Certainly, the people who compete in these games are in top physical condition for their age, but it seems that their greatest competitive edge just might be their positive attitude.
According to some athlete profiles that appeared in Furthermore, by Equinox, simply believing that you can keep moving and challenging yourself to be your best will go a long way toward landing yourself a spot on the podium.
In the words of one 88 year old runner, “The mailbox is about 100 meters from the house, so I don’t walk to the mailbox.
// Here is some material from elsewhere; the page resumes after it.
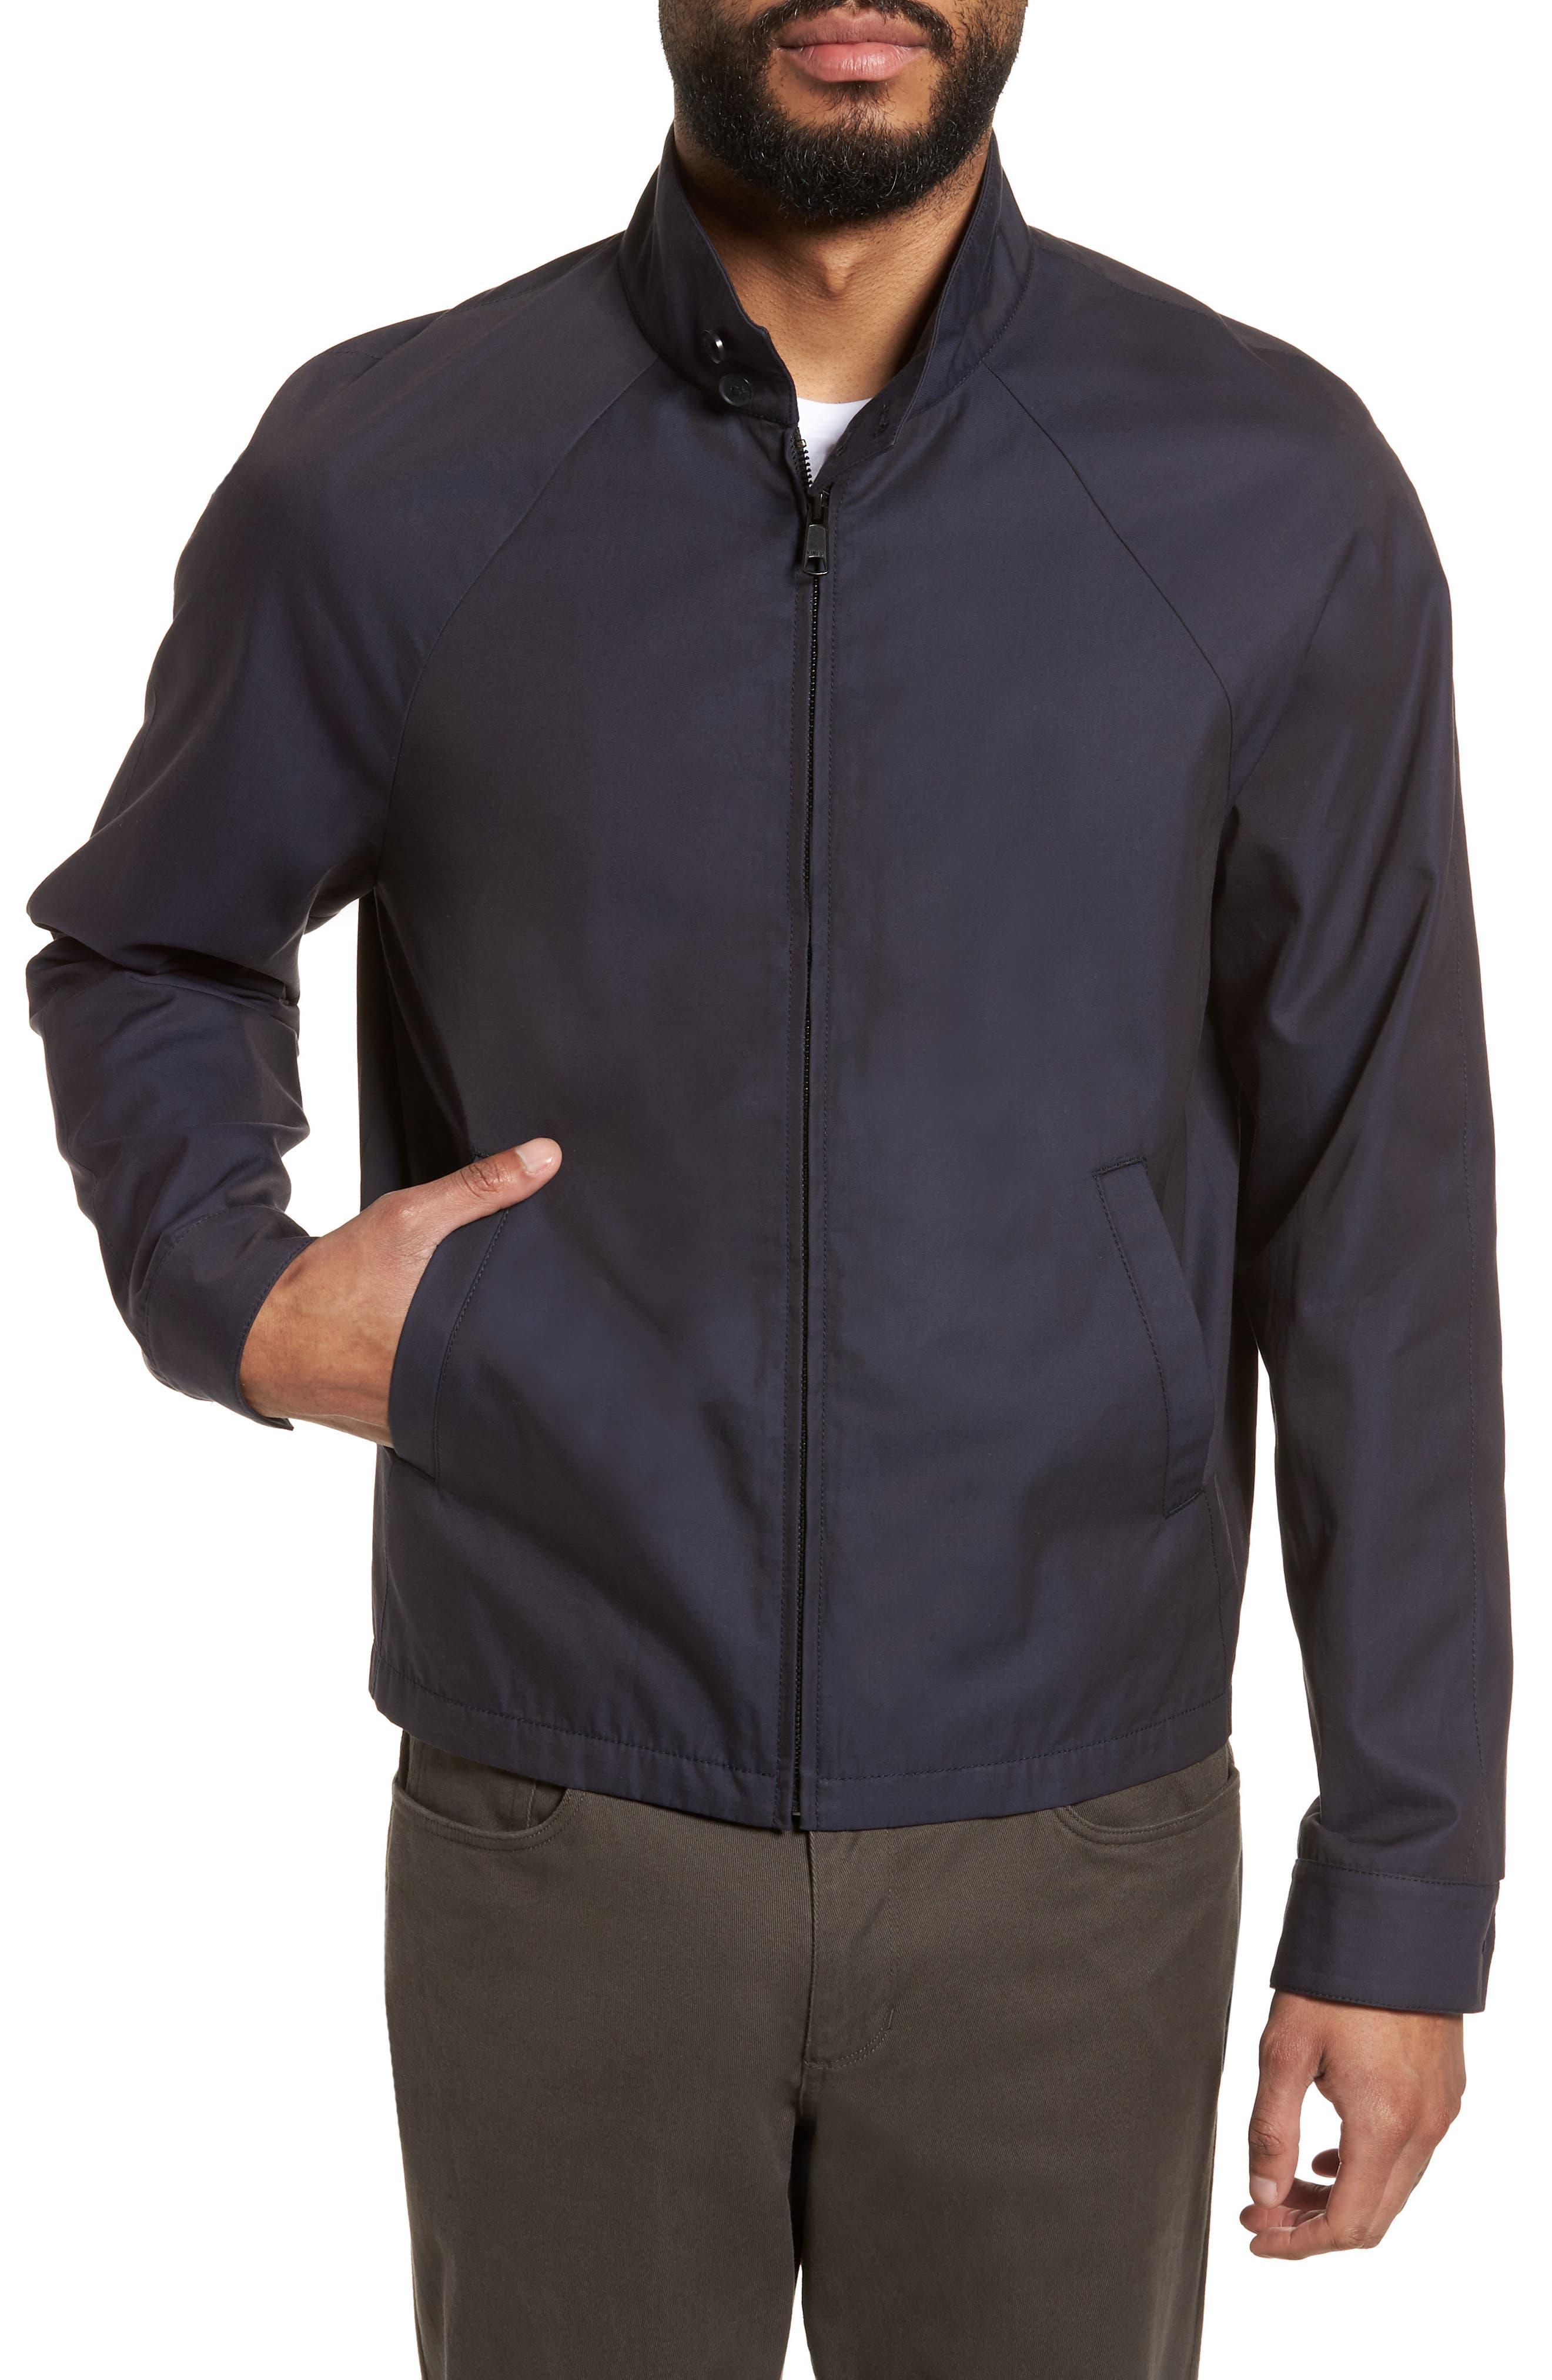 Regular Fit Jacket,                             Alternate thumbnail 4, color,                             NAVY

I run.”
Another entrant confided, “When I first saw the list of events [back in November 2002], I said to myself, ‘Oh my god, I’ve never done any of this! … A voice said to me, ‘You can do this.’ So, I’ve learned to listen to the soft voice now that speaks to you because that voice normally is the right voice to listen to.”
Needless to say, we can’t stop our bodies from aging; but these people are showing us that our bodies can perform much better than most of us were raised to believe. We can be strong and active and healthy for many years but it is up to us to decide to keep our bodies agile and moving. Granted, not all of us will be competing in the triathlon when we are 90, but a strong body is a steadier body is less prone to falls and the debilitating injuries that can rob us of our independence.
The secret is to believe that you can challenge your body to new things at any age. Just talk to your doctor or chosen healthcare professional before embarking on any new exercise schedule and then pace yourself and build up your strength slowly.